Nella sede di Google hanno aperto un campus per aumentare il numero degli ingegneri neri nell’industria tech

Si tratta di una filiale della Howard University: l’obiettivo del programma è portare più afroamericani a lavorare nel settore dell’informatica, finora dominato da bianchi e asiatici

La Howard University ha una lunga tradizione di formazione di studenti afroamericani. Fondata nel 1867, con sede a Washington D.C., ospita il maggior numero di dottorandi di colore di tutti gli Stati Uniti ed è considerata un punto di riferimento e di eccellenza nel campo umanistico e scientifico.

3 mesi in Google

A partire da questa estate, istituirà un campus satellite presso la sede centrale di Google, nel tentativo di portare più studenti di colore nel settore dell’ informatica e del tech. L’obiettivo è quello di far aumentare il numero degli studenti iscritti a scienze informatiche. L’iniziativa si chiama Howard West, e i ragazzi avranno la possibilità di trascorrere tre mesi presso il Googleplex a Mountain View, in California. Gli studenti di Howard West impareranno dai dipendenti di Google e contemporaneamente prenderanno parte alle lezioni dei docenti di Howard.

Un settore ancora chiuso

L’informatica è uno di quei settori in cui gli afroamericani fanno ancora molta fatica ad emergere: nel 2016, per citare proprio il motore di ricerca più utilizzato al mondo, solo l’1% del personale di ingegneria tecnica di Google era di colore, mentre il 37% era asiatico e il 57% bianco. «Vorremmo vedere sempre più alunni della Howard West immatricolarsi in corsi attinenti alla tecnologia, e vederli diventare i leader di domani, che sia in un’azienda come Google o in altre società» ha detto il presidente della Howard University, Wayne Frederick.

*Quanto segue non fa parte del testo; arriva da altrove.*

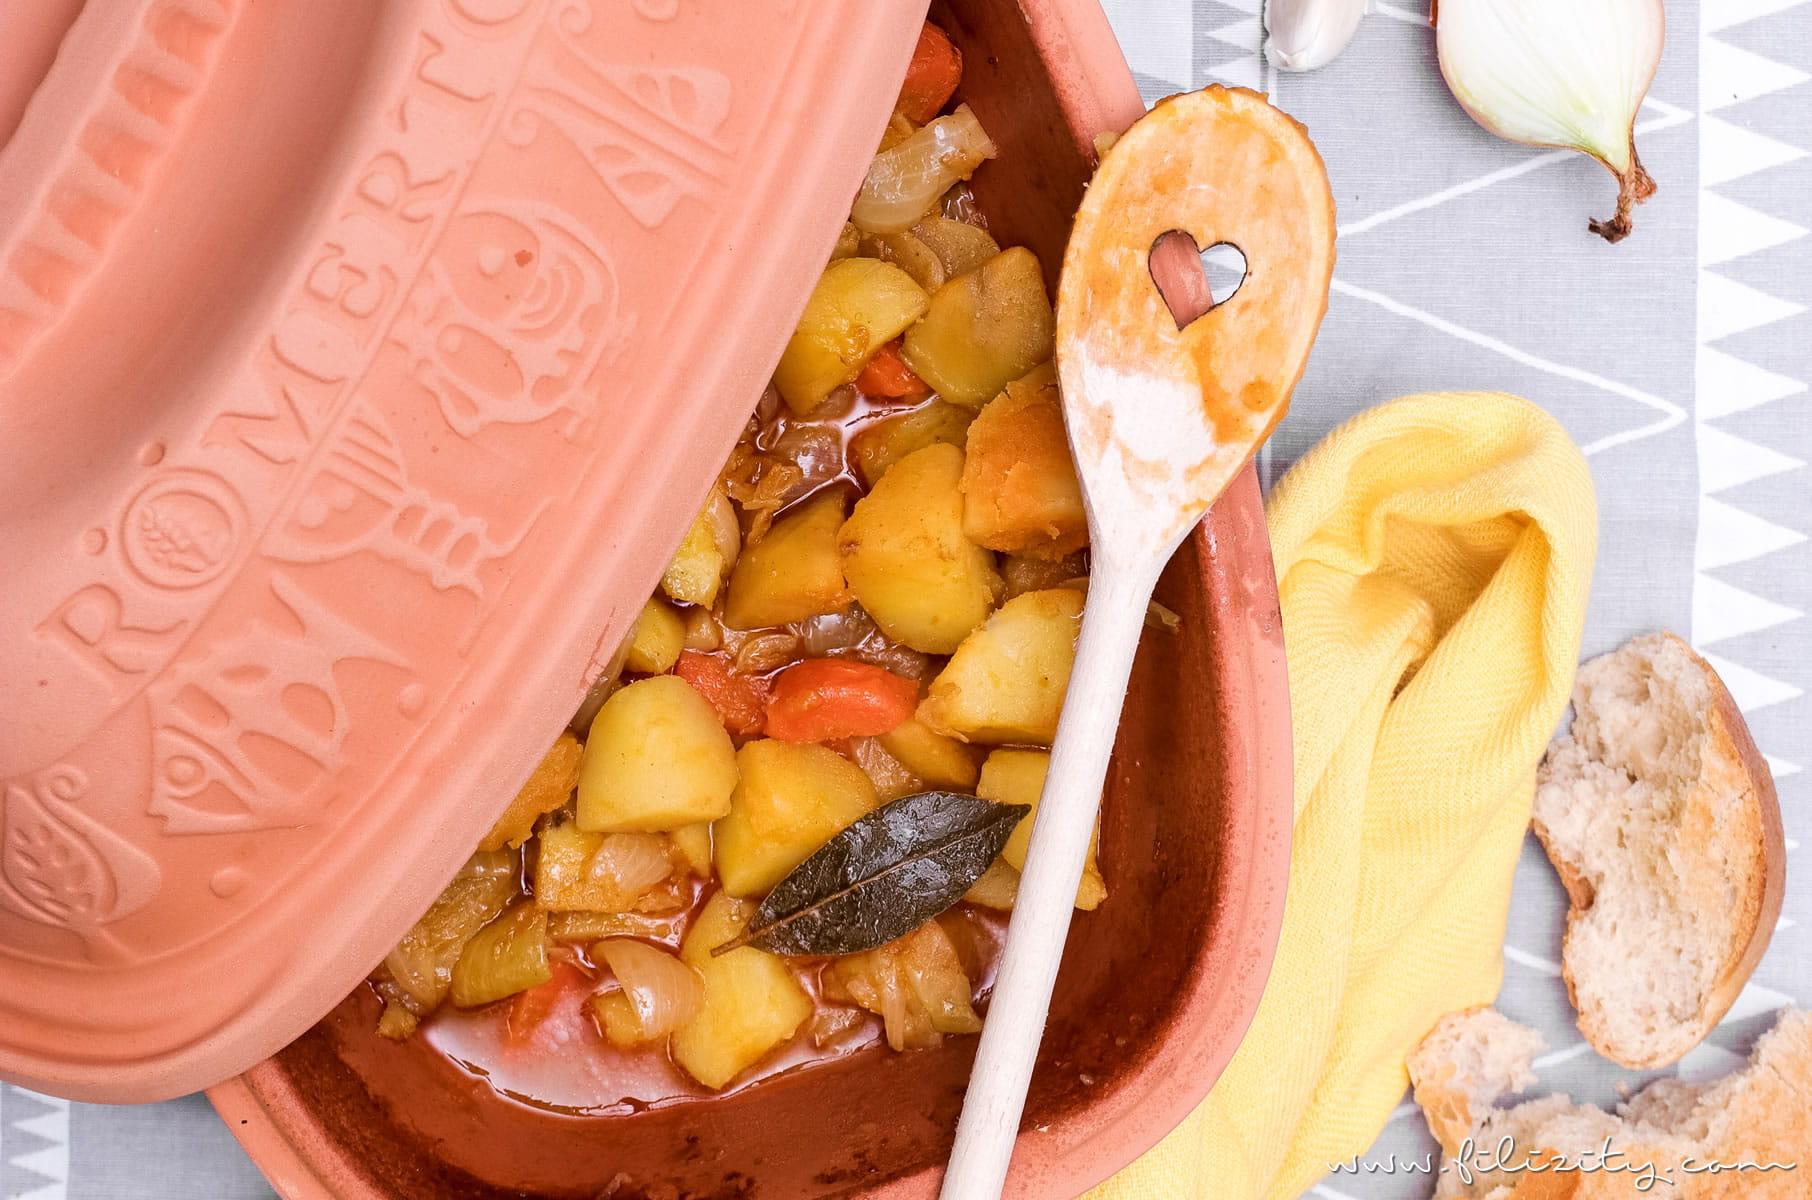 Rezept für unglaublich leckeren (veganen) Kartoffelgulasch aus dem Römertopf | Filizity.com | Food-Blog aus dem Rheinland #römertopf #vegan #gulasch
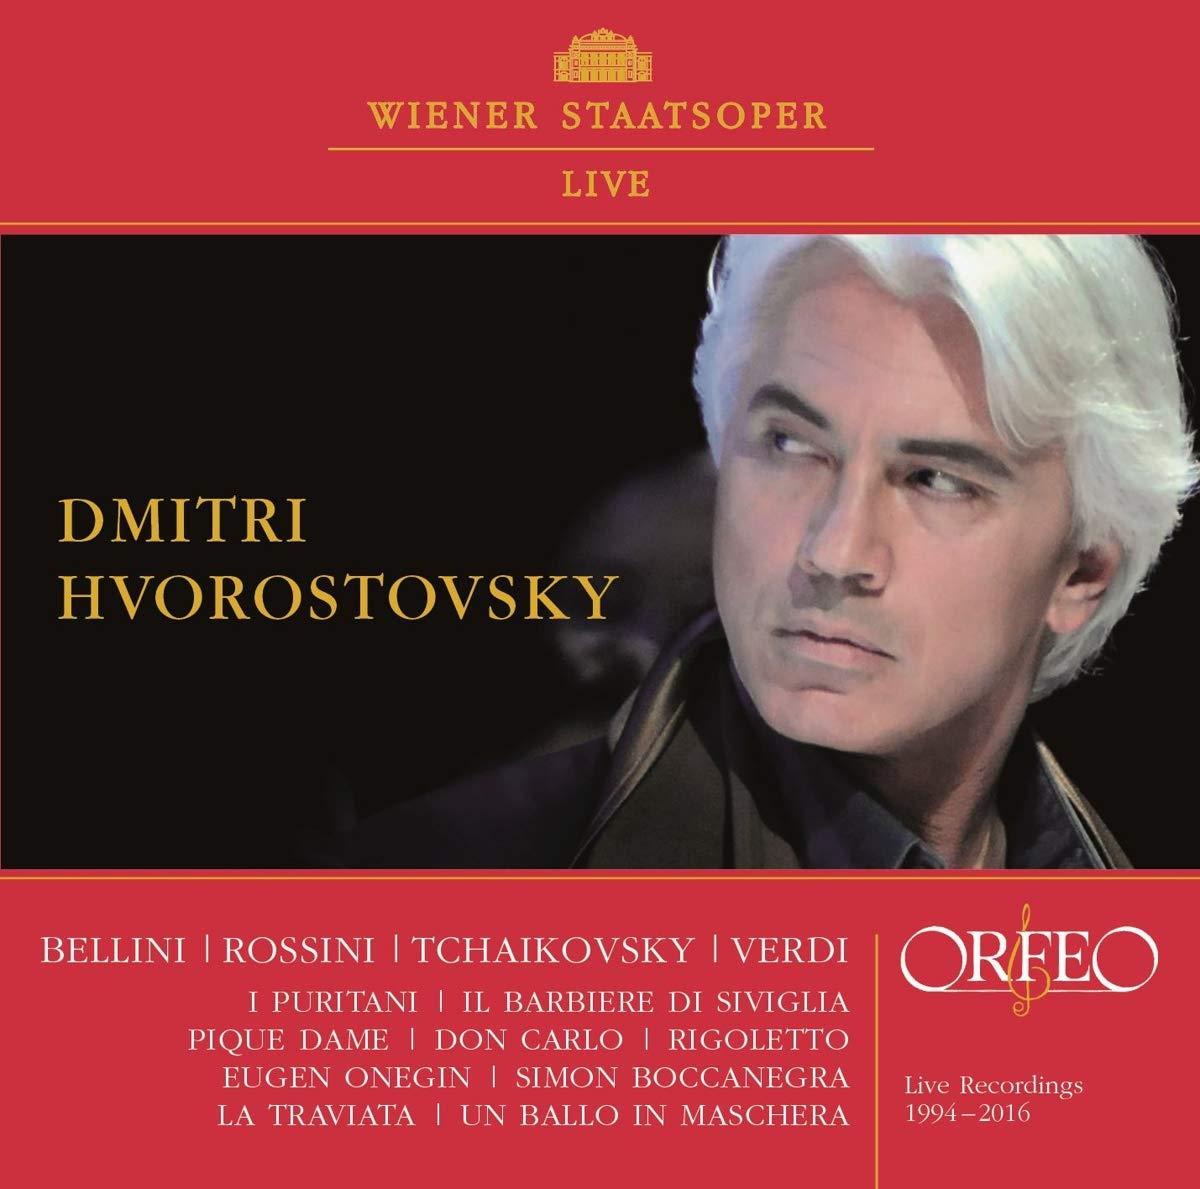 Dmitri Hvorostovsky: Live Wiener Staatsoper

Gli studenti di Howard West non dovranno pagare alcun extra per partecipare, al contrario riceveranno uno stipendio per coprire le spese di soggiorno.

Né l’azienda né il college, tengono a far sapere, riceveranno fondi per il programma, il cui unico obiettivo sembra davvero essere quello di favorire una maggiore integrazione nel settore, cercando allo stesso tempo di scoprire nuovi talenti.

Un circolo vizioso

Frederick ha spiegato che l’iniziativa rappresenta un importante ponte tra gli studenti di informatica di colore e un’industria in cui fanno fatica ad emergere. Un tramite che la Silicon Valley ha la responsabilità di costruire, a suo avviso: «La chiave è identificare le parti che sono disposte a lavorare per il cambiamento e comprenderne l’importanza tanto da divenire una priorità. In questo senso Google ha dimostrato di volersi impegnare per diminuire il gap e siamo entusiasti di lavorare insieme». I laureandi in Scienze Informatiche della Howard University che si laureeranno nel maggio 2017 sono diciotto. Entro il prossimo anno, fa sapere un portavoce dell’Università, conta di salire a venticinque. Il motivo per cui così pochi studenti di colore approdano nelle major tecnologiche è legato anche ad un circolo vizioso, spiega Nicole Smith, capo economista presso il Centro per l’educazione ed il lavoro della Georgetown University: «Quando sei una minoranza in una particolare istituzione, non sei più uno studente, ma un rappresentante della tua intera razza» dice. Secondo la Smith, i giovani studenti di colore vedono principalmente volti bianchi nelle classi e nelle aziende, e questo li scoraggia, gli fa credere di non poter appartenere a quell’ambiente. Meno neri vedono, meno ce ne saranno in futuro. Wayne Frederick spera che il programma Howard West riesca a rompere il circolo vizioso: «Speriamo che il programma di informatica di Howard cresca in popolarità e rappresenti un faro e un modello per gli aspiranti studenti».